INFO:tensorflow:Restoring parameters from /tmp/data-kamperh/ae.ckpt

In [13]:

# Embed test data
n_test = 1000
x_np = mnist.test.images[:n_test, :]
test_labels = mnist.test.labels[:n_test]
test_labels = np.argmax(test_labels, axis=1)  # convert from one-hot
saver = tf.train.Saver()
with tf.Session() as session:
    saver.restore(session, model_fn)
    z_np = session.run([z], feed_dict={x: x_np})[0]
    y_np = session.run([y], feed_dict={x: x_np})[0]

INFO:tensorflow:Restoring parameters from /tmp/data-kamperh/ae.ckpt

In [14]:

# Plot reconstruction
plt.figure(figsize=(8, 12))
for i in range(5):
    plt.subplot(5, 2, 2*i + 1)
    plt.title("Input")
    plt.imshow(x_np[i].reshape(28, 28), vmin=0, vmax=1, cmap="gray")
    plt.axis("off")
    plt.subplot(5, 2, 2*i + 2)
    plt.title("Reconstruction")
    plt.imshow(y_np[i].reshape(28, 28), vmin=0, vmax=1, cmap="gray")
    plt.axis("off")

In [15]:

# Plot t-SNE embeddings of the latent variables
tsne = manifold.TSNE(
    n_components=2, #perplexity=20, init="random",
    random_state=0
    )
z_tsne = tsne.fit_transform(z_np)
plt.figure(figsize=(10, 10))
plot_labelled_2d_data(z_tsne, test_labels)
plt.legend();

In [16]:

# Plot t-SNE embeddings of the original data
tsne = manifold.TSNE(
    n_components=2,
    random_state=0
    )
x_tsne = tsne.fit_transform(x_np)
plt.figure(figsize=(10, 10))
plot_labelled_2d_data(x_tsne, test_labels)
plt.legend();

In [17]:

# Plot the embeddings themselves

# Get random indices
n_plot = 100
indices = np.arange(len(test_labels))
np.random.seed(1)
np.random.shuffle(indices)
indices = indices[:n_plot]

# Plot embeddings directly
indices_sorted = np.argsort(test_labels[indices], axis=0)
z_sorted = z_np[indices][indices_sorted, :]
labels_sorted = test_labels[indices][indices_sorted]
plt.figure(figsize=(10, 10))
plt.imshow(z_sorted)
ax = plt.gca()
for i, label in enumerate(labels_sorted):
    if labels_sorted[i] != labels_sorted[i - 1]:
        plt.axhline(y = i - 0.5, color="r")
        ax.text(0, i, str(label), verticalalignment="top", fontsize=15)
plt.axis('off');

# Plot mean and variance normalised embeddings
plt.figure(figsize=(10, 10))
plt.imshow(preprocessing.scale(z_sorted))
ax = plt.gca()
for i, label in enumerate(labels_sorted):
    if labels_sorted[i] != labels_sorted[i - 1]:
        plt.axhline(y = i - 0.5, color="r")
        ax.text(0, i, str(label), verticalalignment="top", fontsize=15)
plt.axis('off');

/r2d2/tools/py2.7_tf1.0/local/lib/python2.7/site-packages/sklearn/preprocessing/data.py:164: UserWarning: Numerical issues were encountered when centering the data and might not be solved.
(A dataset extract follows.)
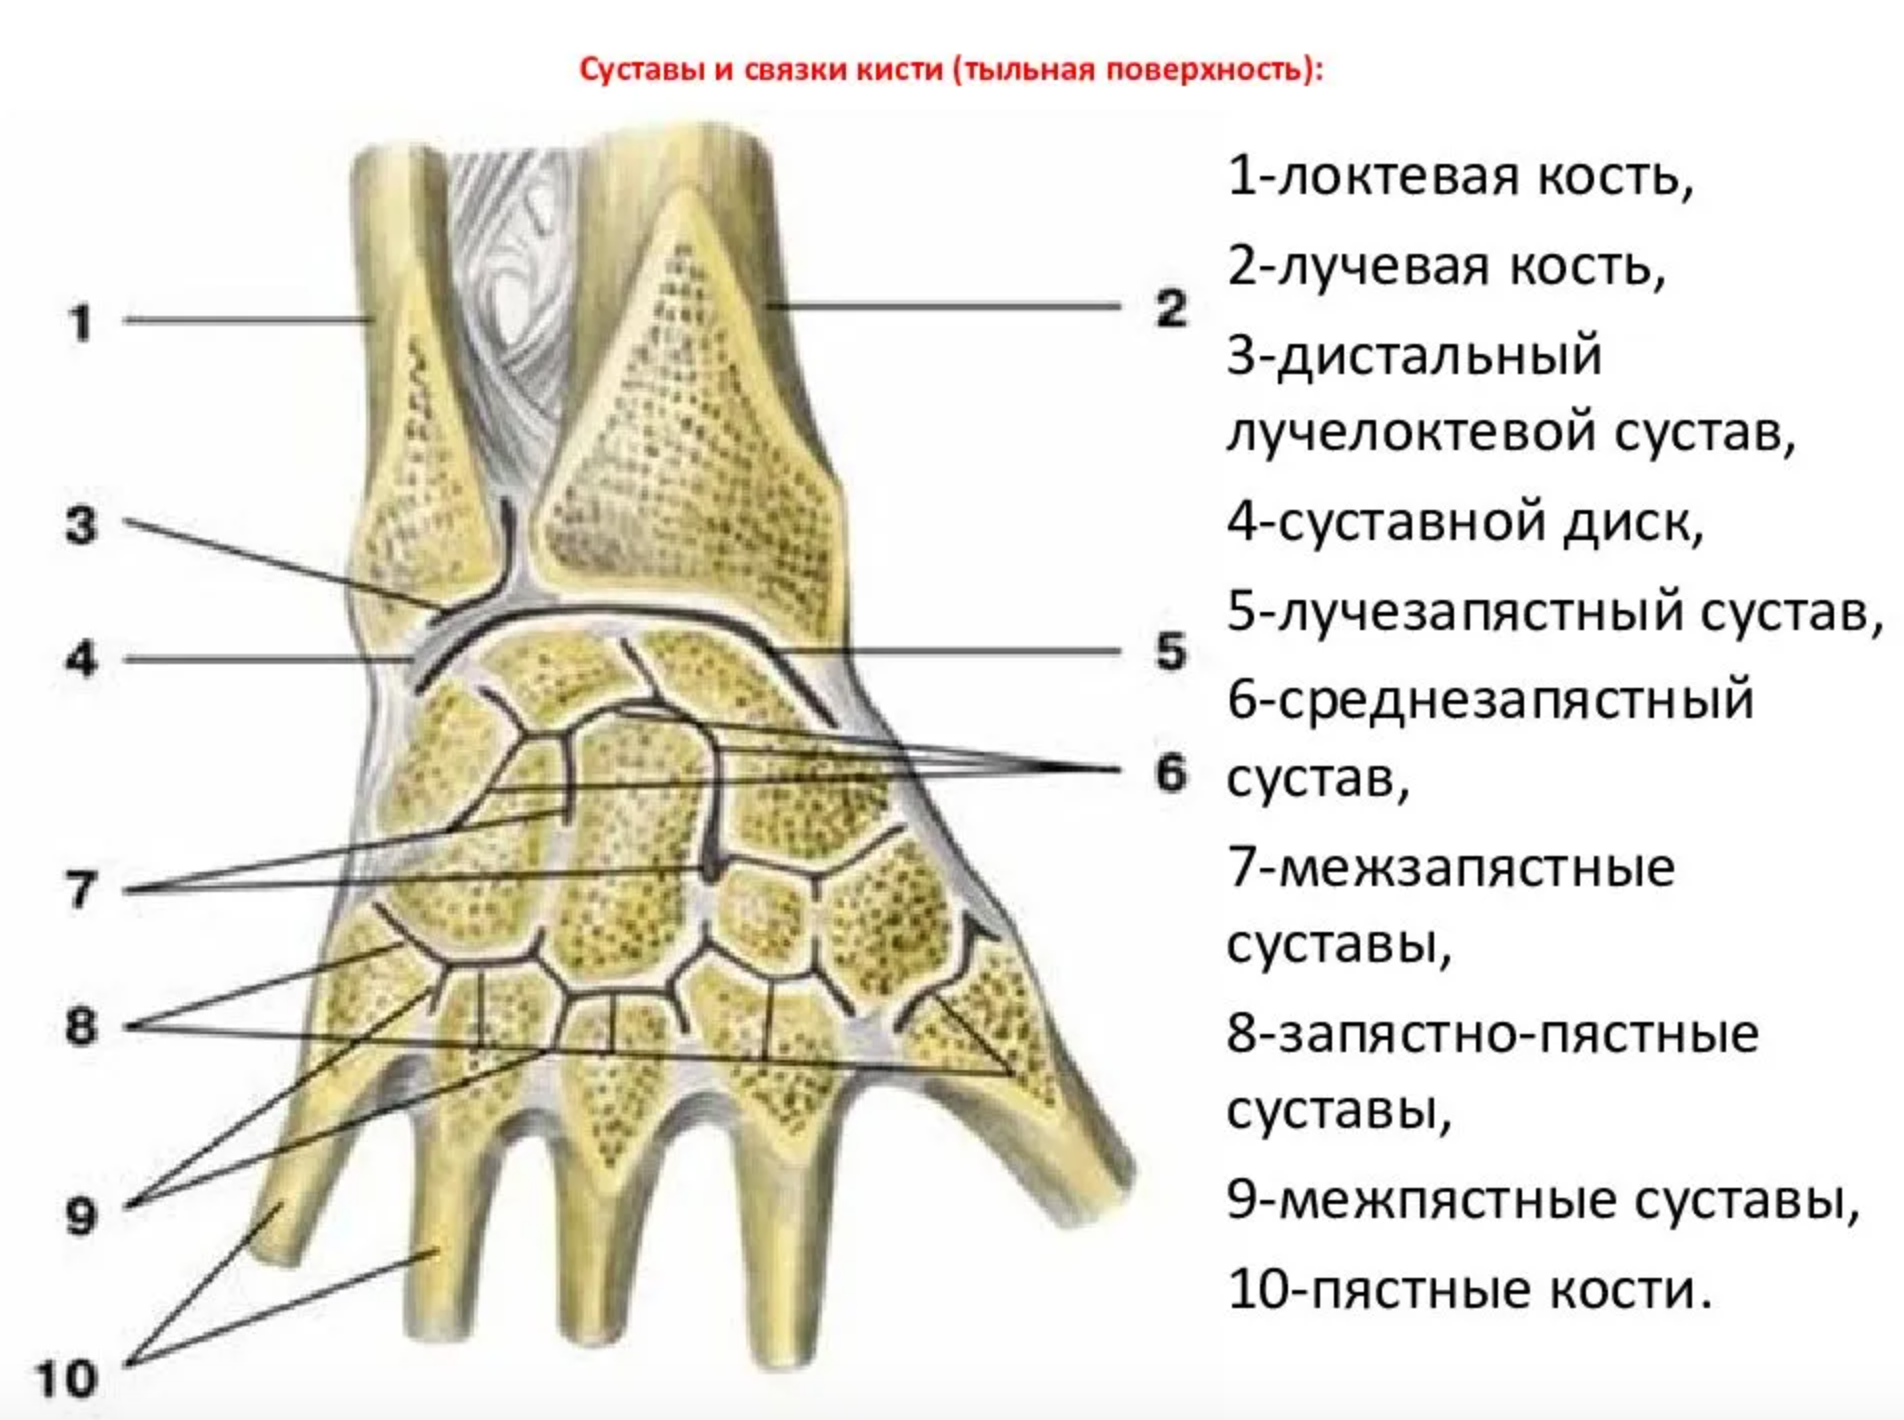 Лучезапястный сустав анатомия строение. Суставной диск лучезапястного сустава. Запястно-пястный сустав связки. Дистальный лучелоктевой сустав анатомия связки. Лучезапястный сустав

Dataset may contain too large values. You may need to prescale your features.
  warnings.warn("Numerical issues were encountered "
/r2d2/tools/py2.7_tf1.0/local/lib/python2.7/site-packages/sklearn/preprocessing/data.py:181: UserWarning: Numerical issues were encountered when scaling the data and might not be solved. The standard deviation of the data is probably very close to 0. 
  warnings.warn("Numerical issues were encountered "

Variational autoencoder¶

Resources: https://arxiv.org/abs/1312.6114; https://arxiv.org/abs/1606.05908; https://jmetzen.github.io/2015-11-27/vae.html

The variational autoencoder (VAE) is trained by minimising the negative of the evidence lower bound (ELBO), i.e. maximising the ELBO:

$$\ell(\vec{x}^{(i)}; \vec{\theta}, \vec{\phi}) = -J(\vec{x}^{(i)}; \vec{\theta}, \vec{\phi})$$

with the ELBO given by

$$J(\vec{x}^{(i)}; \vec{\theta}, \vec{\phi}) = \mathbb{E}_{q_{\phi}(\vec{z}|\vec{x}^{(i)})} \left[ \log p_{\theta}(\vec{x}^{(i)}|\vec{z}) \right] - D_{\textrm{KL}} \left( q_{\phi}(\vec{z}|\vec{x}^{(i)}) || p(\vec{z}) \right)$$

The ELBO is a lower bound:

$$ \log p_\theta(\vec{x}^{(i)}) \geq \mathbb{E}_{q_{\phi}(\vec{z}|\vec{x}^{(i)})} \left[ \log p_{\theta}(\vec{x}^{(i)}|\vec{z}) \right] - D_{\textrm{KL}} \left( q_{\phi}(\vec{z}|\vec{x}^{(i)}) || p(\vec{z}) \right)$$

The first term is normally approximated with a single Monte Carlo sample:

$$\mathbb{E}_{q_{\phi}(\vec{z}|\vec{x}^{(i)})} \left[ \log p_{\theta}(\vec{x}^{(i)}|\vec{z}) \right] \approx \log p_{\theta}(\vec{x}^{(i)}|\vec{z}^{(l)}) \textrm{ with } \vec{z}^{(l)} \sim q_{\phi}(\vec{z}|\vec{x}^{(i)})$$

Assuming a spherical Gaussian distribution for the decoder $p_{\theta}(\vec{x}^{(i)}|\vec{z})$, with covariance $\sigma^2\vec{I}$, this reduces to

$$\log p_{\theta}(\vec{x}^{(i)}|\vec{z}^{(l)}) = c - \frac{1}{2\sigma^2} \left|\left| \vec{f} (\vec{z}^{(l)}) - \vec{x}^{(i)} \right|\right|^2 $$

with $c$ a constant (from the normalisation) and $\vec{f} (\vec{z}^{(l)})$ the output of the network given the (sampled) latent variable $\vec{z}^{(l)}$.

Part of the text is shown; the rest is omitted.